Split Brain
Also known as:
Dual Leadership
Cluster Partition
Definition
Split brain is a failure where two or more nodes both think they are the leader, usually because a network partition has cut the cluster in half. Each side keeps accepting writes and the data starts to diverge. Without something to stop one side from making changes, the shared state ends up corrupted.
Key Takeaways
- Split brain happens when liveness, the desire that someone has to lead, is put ahead of safety, the rule that only one can lead.
- A correct system uses a quorum and fencing tokens so the minority side cannot commit changes.
- With N replicas, only one partition can have a majority.

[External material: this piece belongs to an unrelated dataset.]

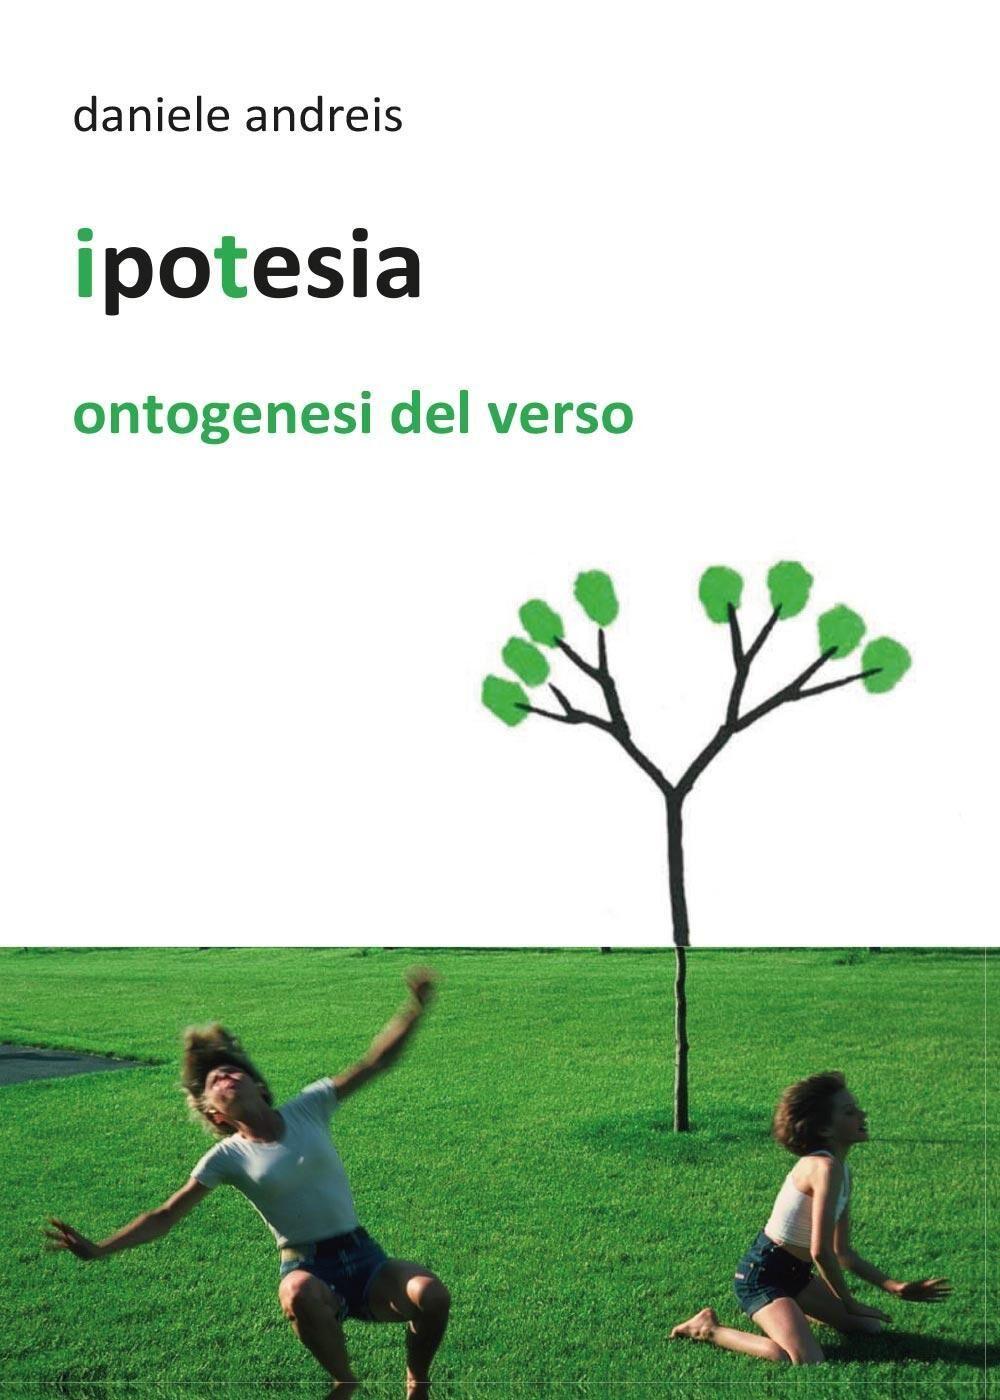 Ipotesia

That side keeps serving writes. The other side has to step down or refuse.
- Detection alone is not enough. The system has to actively kill the other node, often called STONITH, or invalidate its writes through fencing.
How It Works
- A network failure cuts off some replicas from the rest of the cluster.
- Each side runs failure detection, misses heartbeats, and starts a leader election.
- Without a quorum rule, both sides can elect their own leader and start taking writes.
- When the partition heals, the two sides have conflicting state and someone has to reconcile or roll back, often by hand.
Where It Is Used
- MongoDB, Redis Sentinel, and Kafka all use quorum based leader election to make split brain unlikely or bounded.
- Galera Cluster and PostgreSQL clusters used to suffer from split brain when partitions outpaced quorum logic.
- VMware vSphere uses STONITH to forcibly kill a partitioned host before it can write.